A “DESGRAÇADO”, PLEASE

A friend of mine, who’s lost for coffee and can’t even smell it, asks for “a bastard” when he goes to the corner bar. He’s referring to the miserable “decaf” which, for him, is neither tasty nor funny.

Nowadays, to avoid excess calories or to follow fashion, many people prefer “light”, washed-down, skimmed, decaffeinated and devitalised products. We have nothing against that.

The worst thing is when we look around us and see men and women who are lazy, soft, incapable of an energetic act of will, running away from any difficulty or sacrifice. It seems that an immense vampire is sucking our soul and stealing our energies. The world is lost through “unmeasuring” and “avitaminosis” – Jorge Bernanos said with regret. I myself sometimes doubt whether blood or chilra runs in my veins, so allergic am I to the practice of strong virtues, to “will is power”, to heroic action, to unshakeable decision.

A study colleague of mine, a sociology professor, writes that “many young people report a ‘vital laxity’, an inner weakness or even an inability to face difficult situations and to make radical and demanding choices. They give signs that they want to, but cannot.

Such laxity does not apply only to them. Resistance to lasting commitments, the tendency to follow the law of minimum effort or to give up before fighting, the running away from everything that demands austerity and renunciation, the gluttony of immediate pleasure, are widespread and diffuse attitudes that young people learn from the behaviour of adults. Only these attitudes, in them, become more acute, volcanic and sharp, extremist.
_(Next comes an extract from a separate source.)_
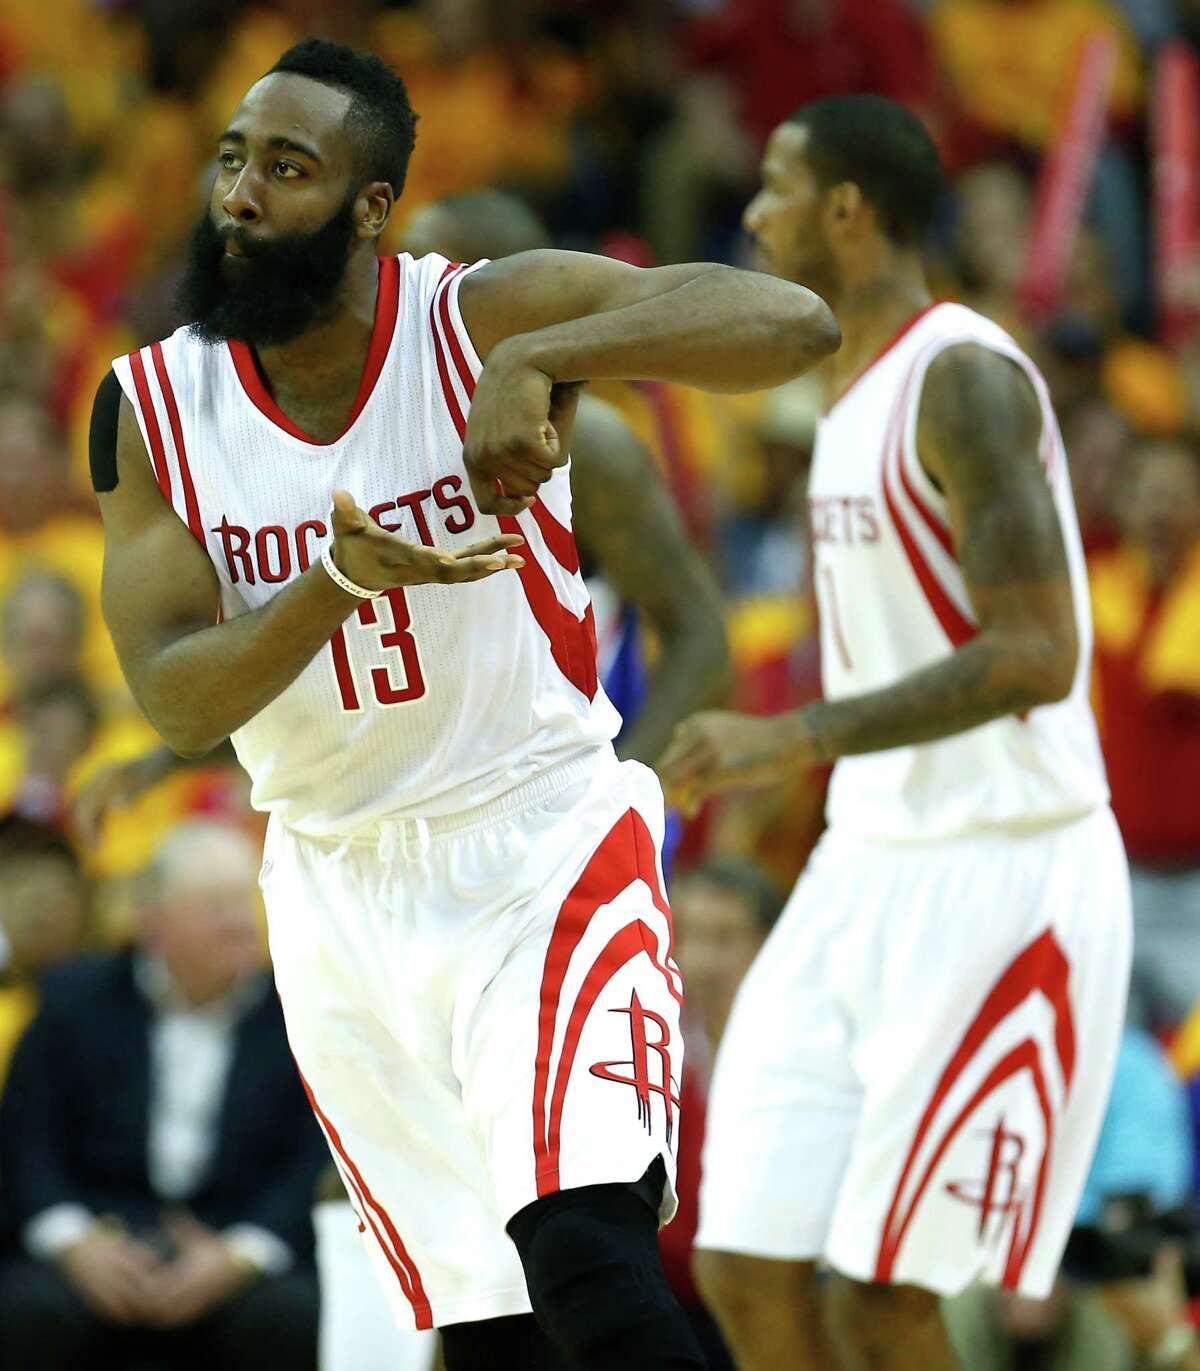 James Harden won't reveal the meaning behind his "stirring the pot" gesture, but it's nationally known.

I fear that we are creating a generation of whimsical children who want to eat, play, have everything (“I want all the toys on the television”, wrote a boy to Father Christmas). They want everything now and now; and if they cannot satisfy their hunger immediately, they paw, scream, shout, threaten, until they get it. Some people speak of the “yoghurt generation” or the “pudding generation”, being inconsistent like them.

We spoil our children, “so that they don’t go through what we went through and have everything we couldn’t enjoy”; we cultivate them like glass, not imposing anything they don’t like, “to avoid complexes and repression”. We give them fish and bubbles of happiness instead of putting a rod in their hand and teaching them how to fish. Then we are surprised that few young people postpone sexual intercourse until after marriage, or that they think that money falls from the sky or comes from a hole in the ground; or that many abandon their studies “because they are in a hurry to make a living”, that is, to find money to spend as they please. We do not prune trees in good time and want them to bear good and generous fruit. We spread winds, we reap storms.

The young revolutionaries of May 1968 were telling the adults: “You have filled our bellies but you have not given us reasons to live”.

In fact, if we say, with Alberto Moravia, that “the two keys to our age are pleasure and money, and the rest is just songs”, what do we expect if not selfish spirits, eager to suck all the juice out of life, incapable of leaving for tomorrow what they can enjoy today?

We lack reasons, compasses to guide us in life. Only a person who has horizons, goals, is capable of taking the right course. He knows how to sacrifice what is immediate and provisional in order to achieve what is decisive and lasting. Athletes undergo hard training and deprive themselves of many things in order to stand on the podium or to win a gold medal. Misses, to keep in line and win competitions, put up with terrible diets and the most painful plastic surgery.

When there is a project, expectations, a dream, you work with ardour and passion, you suffer to get there. What you can’t do is to want perfume without cultivating the garden, to recover your health by rejecting remedies, sometimes bitter ones, to win the marathon and not sweat the shirt.

An Estonian proverb says: “Calluses adorn hands more than rings”.

So, I feel sorry for the men and women who have a decaffeinated, gelatinous, anaemic, sickly soul. They lead a “wretched” existence, that is to say, without aroma, without nerve, without any grace.